● **YOUR GOAL**
Reproduce precisely the lines of the material below from the line containing "陳庭妮飾演一位性感網紅,做功課看愛情動作片(照片提供:《電影青春弒戀》)" up to and including its last line. Pictures must not be copied.

● **DATA EXTRACT**
· · ·
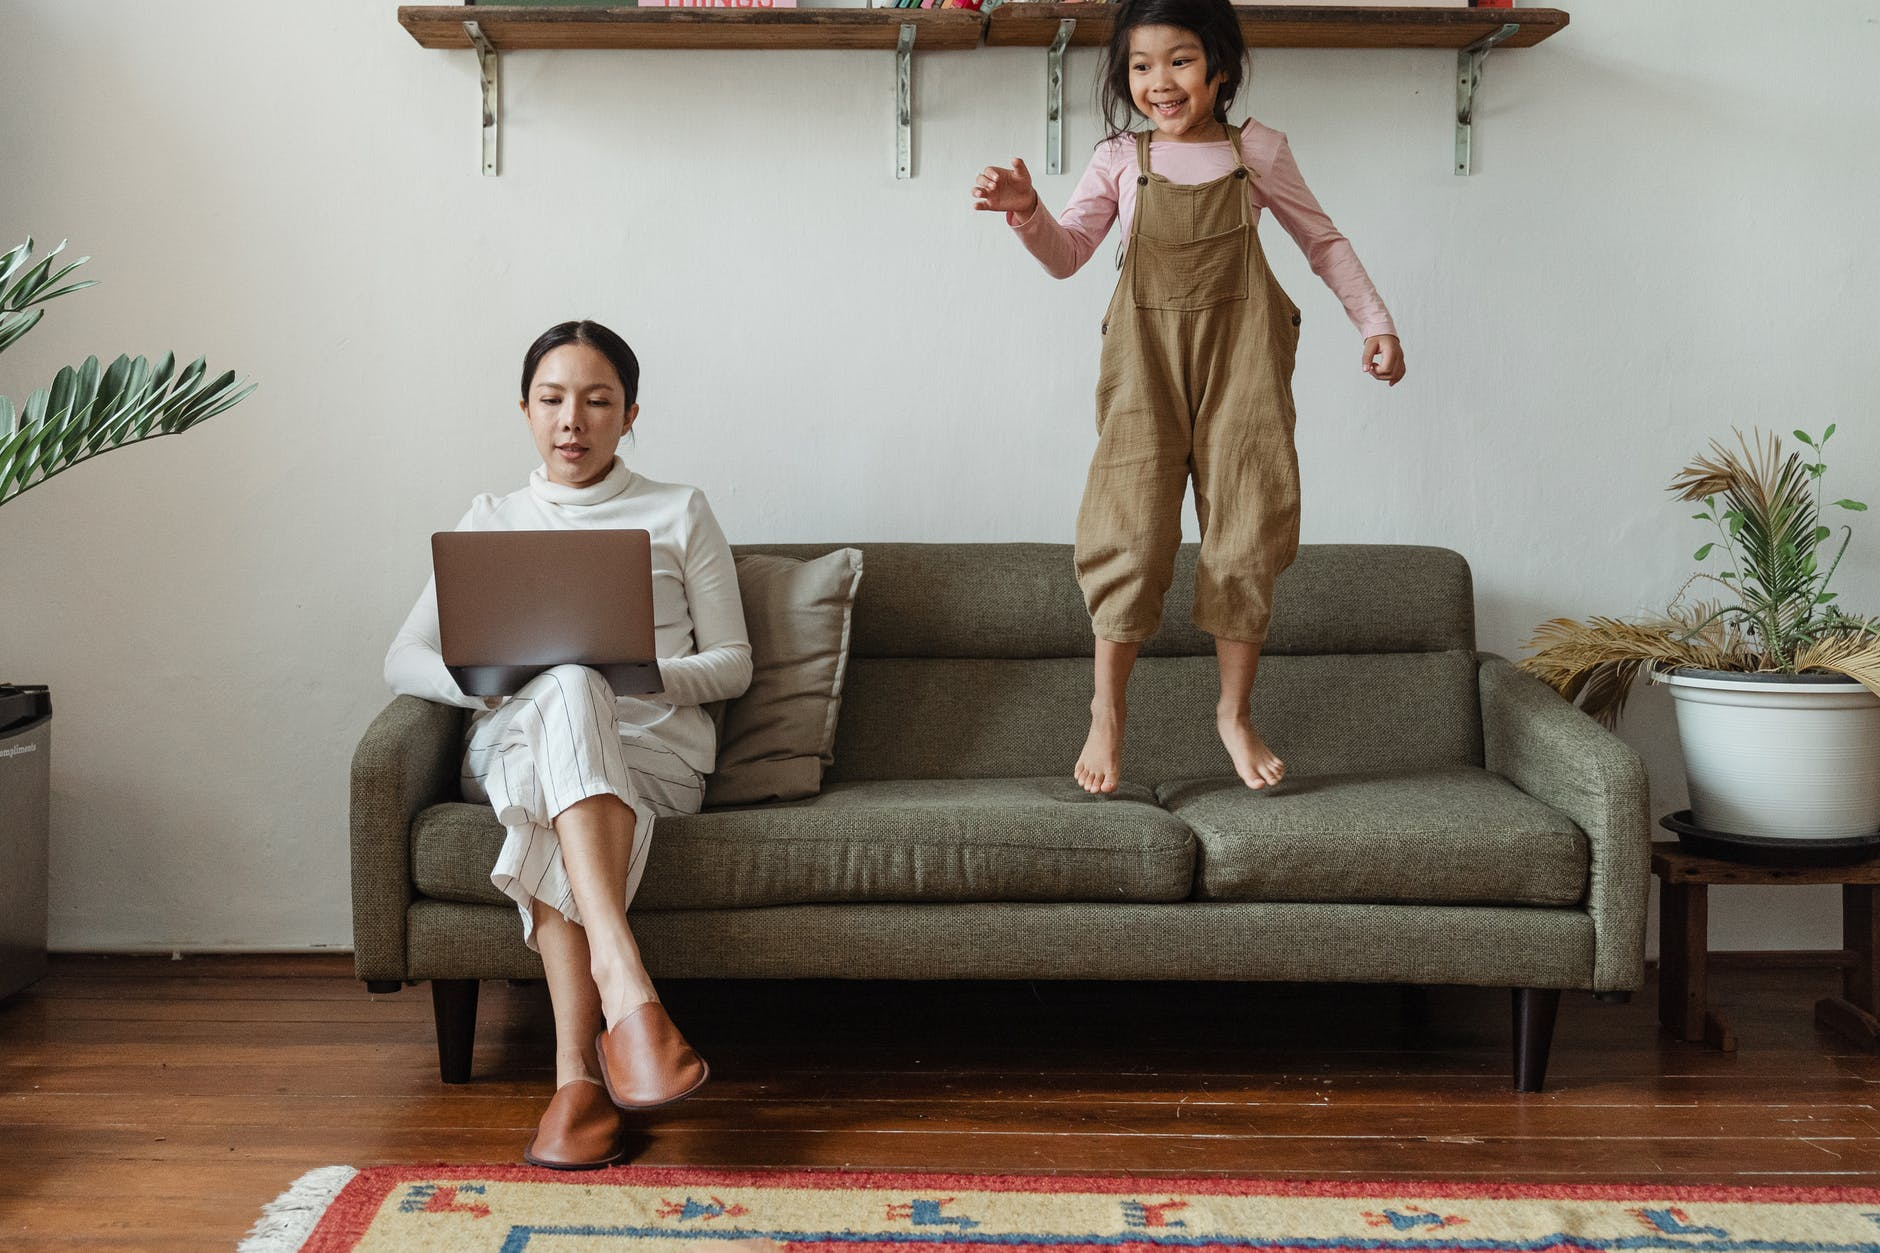 como começar um negócio online trabalhando em casa
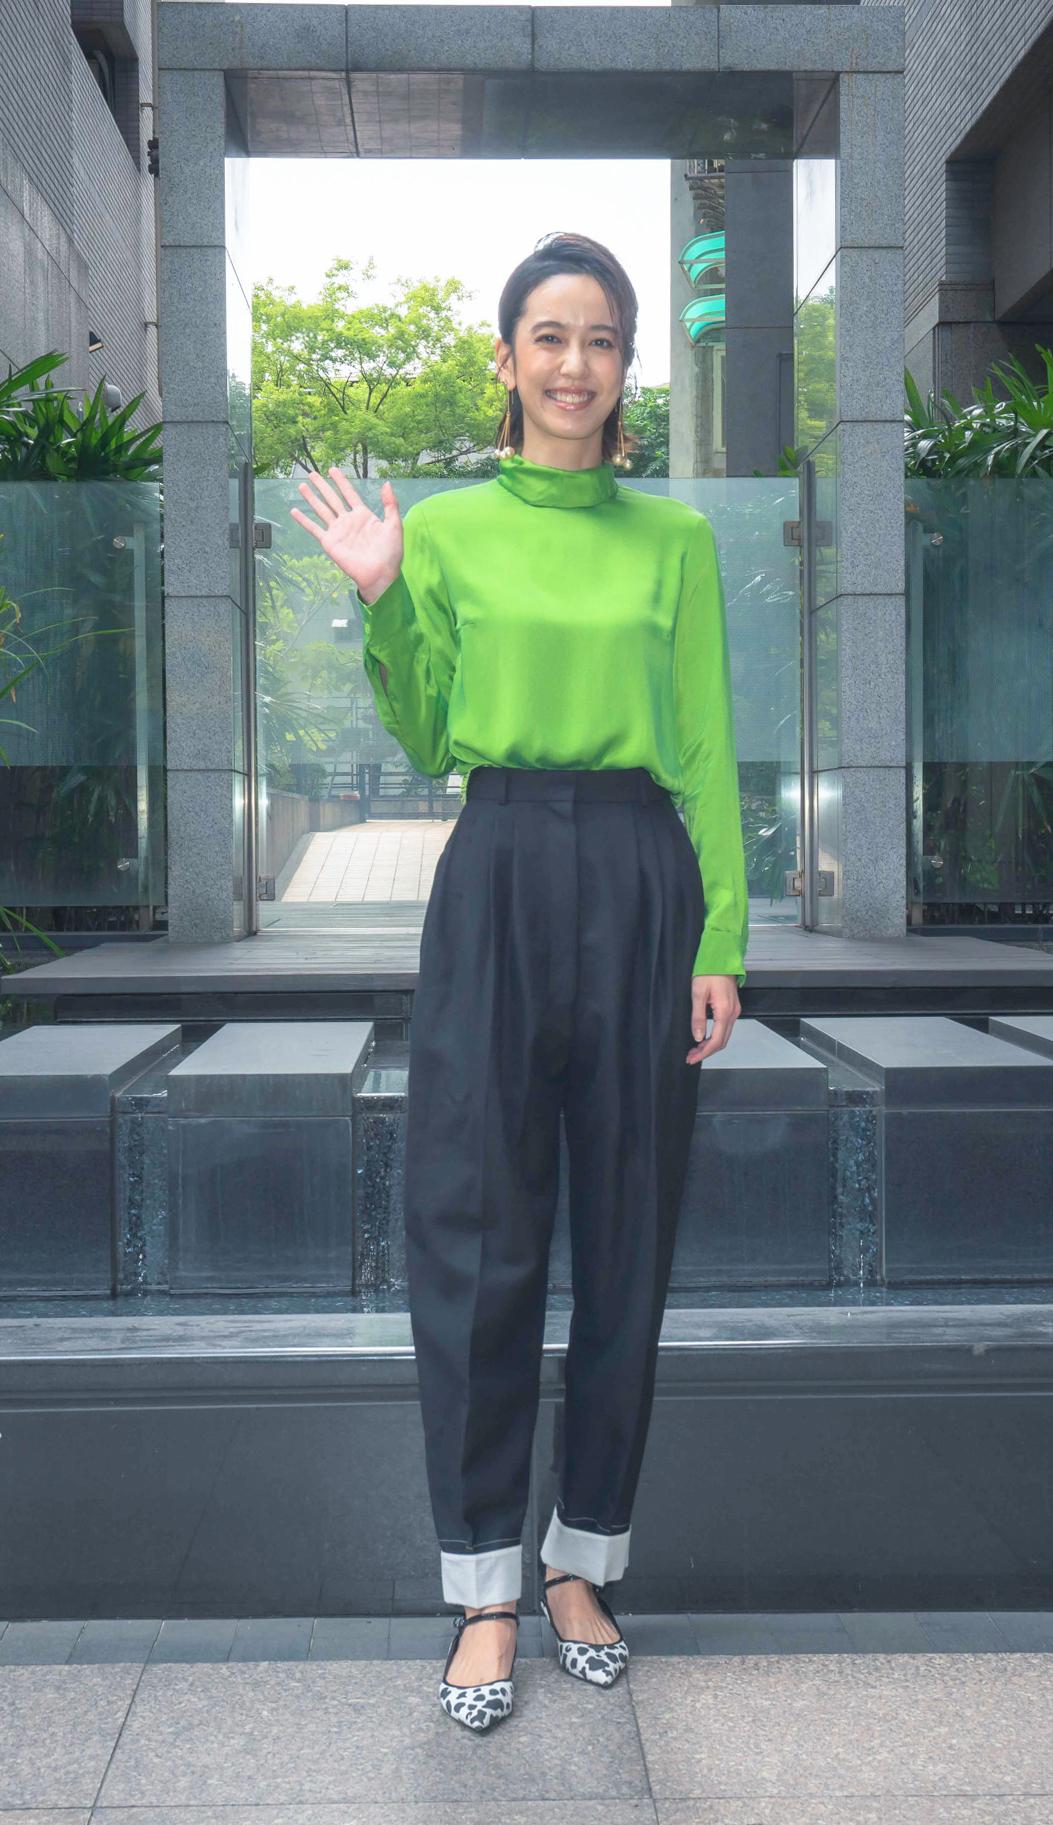 陳庭妮飾演一位性感網紅,做功課看愛情動作片(照片提供:《電影青春弒戀》)
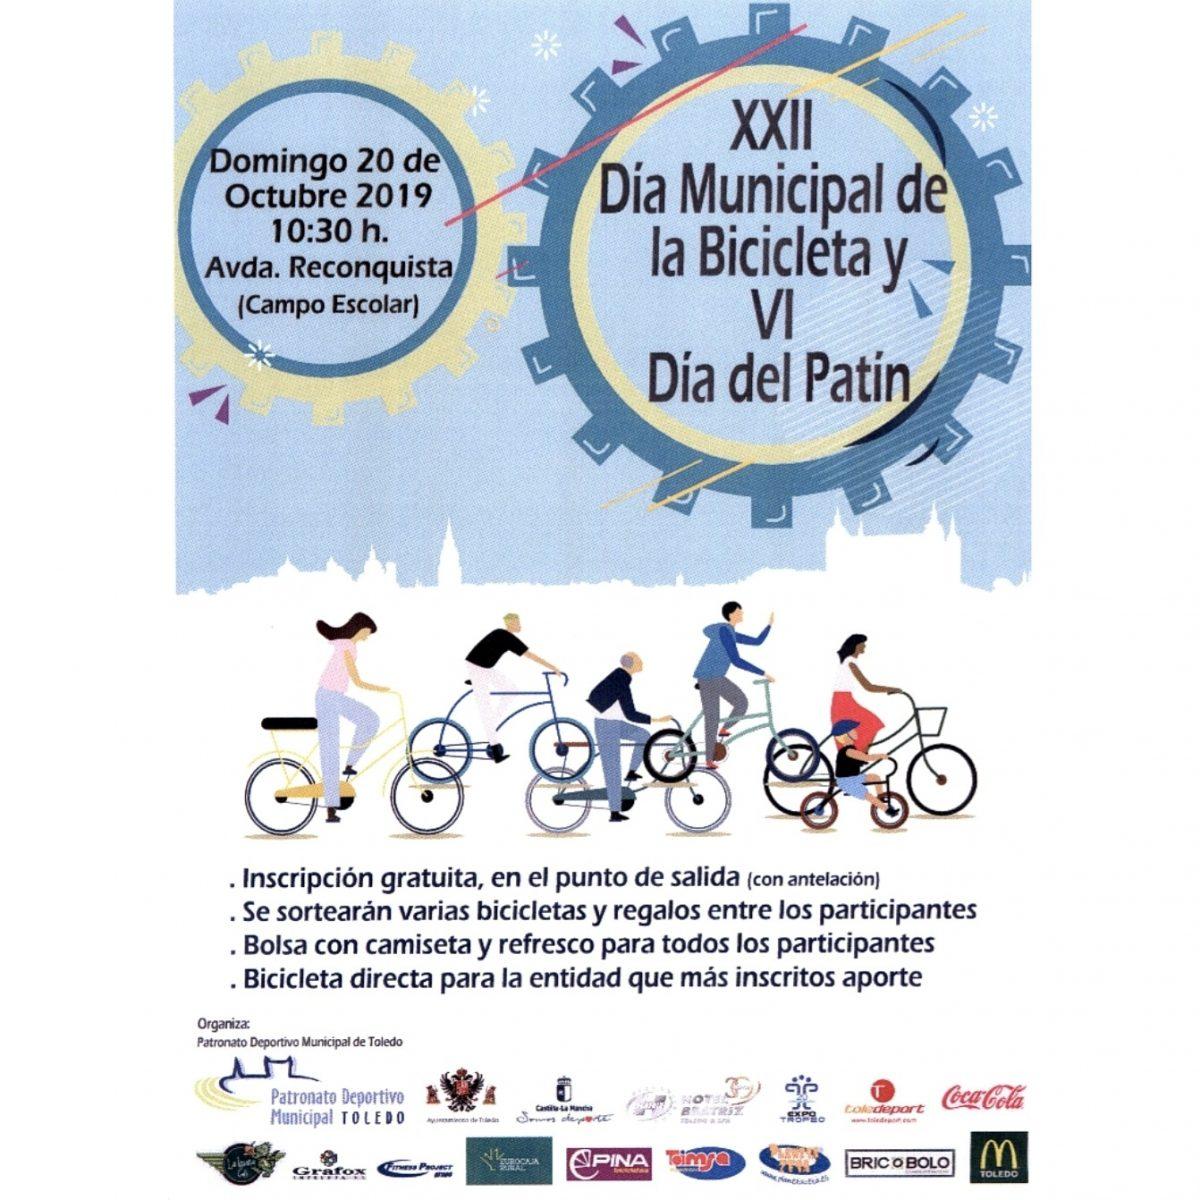 https://www.toledo.es/wp-content/uploads/2019/10/dia-de-la-bicicleta-20-octubre-1200x1200.jpg. XXII Día Municipal de la Bicicleta y VI Día Municipal del Patín
· · ·
● **WRITTEN SOLUTION**
 陳庭妮飾演一位性感網紅,做功課看愛情動作片(照片提供:《電影青春弒戀》)
 https://www.toledo.es/wp-content/uploads/2019/10/dia-de-la-bicicleta-20-octubre-1200x1200.jpg. XXII Día Municipal de la Bicicleta y VI Día Municipal del Patín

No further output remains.